EPSG:4326 and WGS 84 are two names for the unprojected Equirectangular view we saw in the opening session. Strictly speaking, it refers to a datum, not a projection. We will select a projection for our work later. Click Cancel or OK to close Properties for this layer.

Now let’s import a basemap for this project. We will use two Natural Earth shapefiles to do this, in the subfolders ne_50m_admin_0_countries and ne_50m_lakes. Import the shapefiles as before, then drag and drop them within the Layers panel so that they appear in the following order:

Having imported all the layers, save your project by selecting Project>Save from the top menu. Keep saving your projects at regular intervals.

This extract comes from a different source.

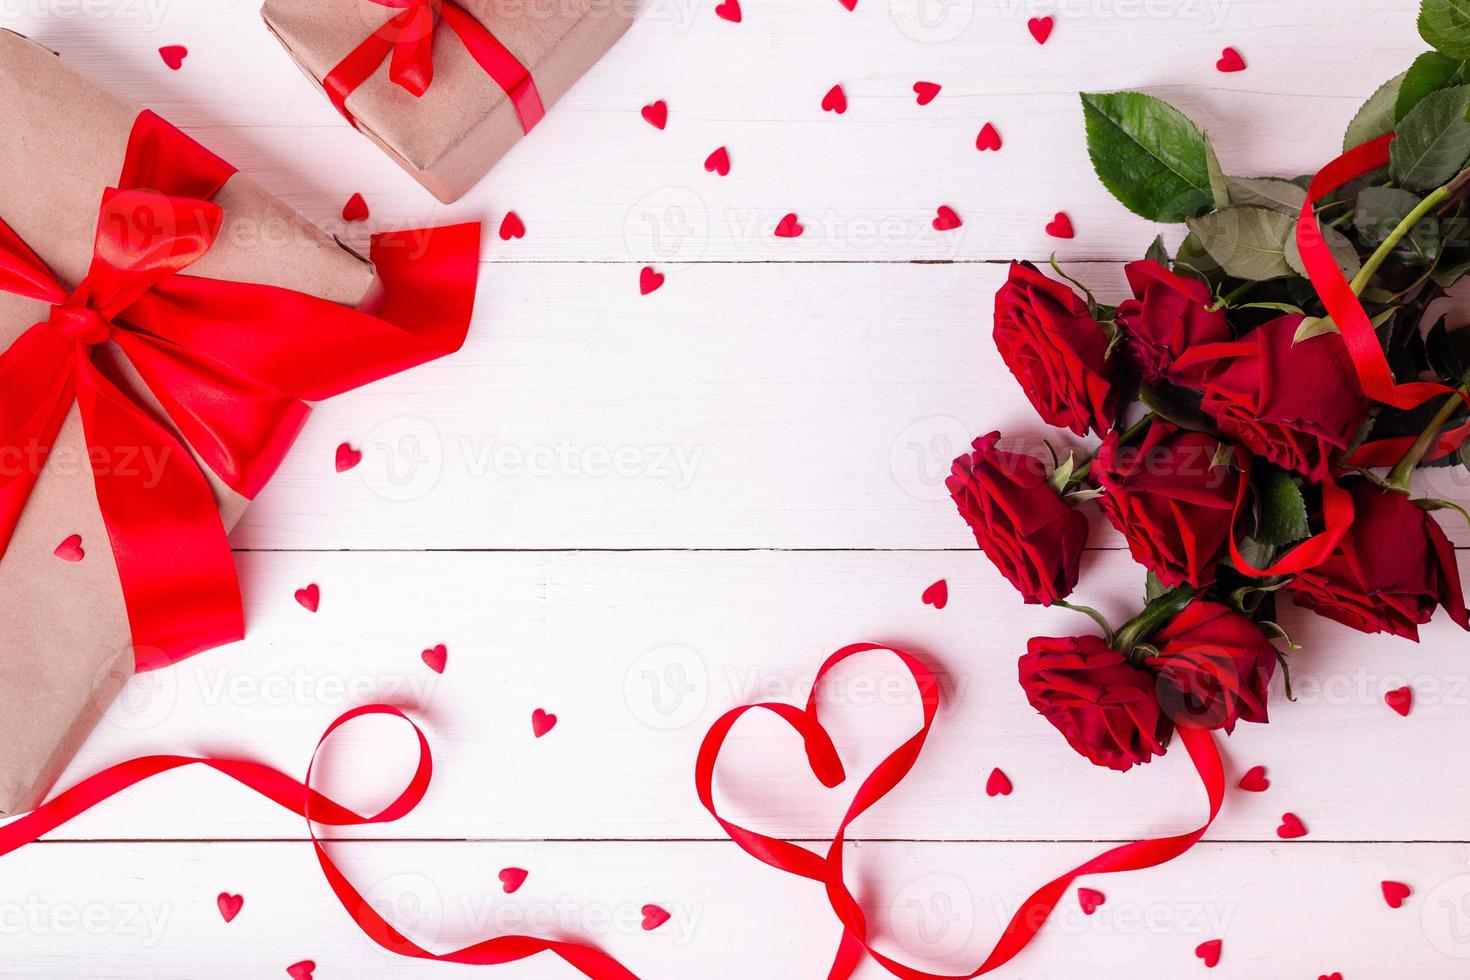 cinta roja en forma de corazón, ramo de rosas, corazones y cajas de regalo envueltas en papel kraft sobre una mesa de madera blanca. foto

Now we will style the basemap. Right-click on ne_50m_admin_0_countries in the Layers panel and select Properties>Style. We are going to give the land a single color, so the default Single Symbol option from the top dropdown menu is correct. Click on Simple fill to call up the following options:

Click on Colors Fill to call up the Select fill color picker. There are a range of options. In the default tab, enter the HEX value #cccccc into the HTML notation box to select a neutral gray color:

Click OK, then repeat the process for Border, giving it the color #ffffff for white. Click OK to close the Properties windows, accepting the changes:

We imported ne_50_m_lakes to include the Great Lakes on the map, not to show smaller lakes, so in styling the lakes layer we need to filter out the smaller lakes. This means styling according to data values, so we need to look at the table of data attached to this shapefile.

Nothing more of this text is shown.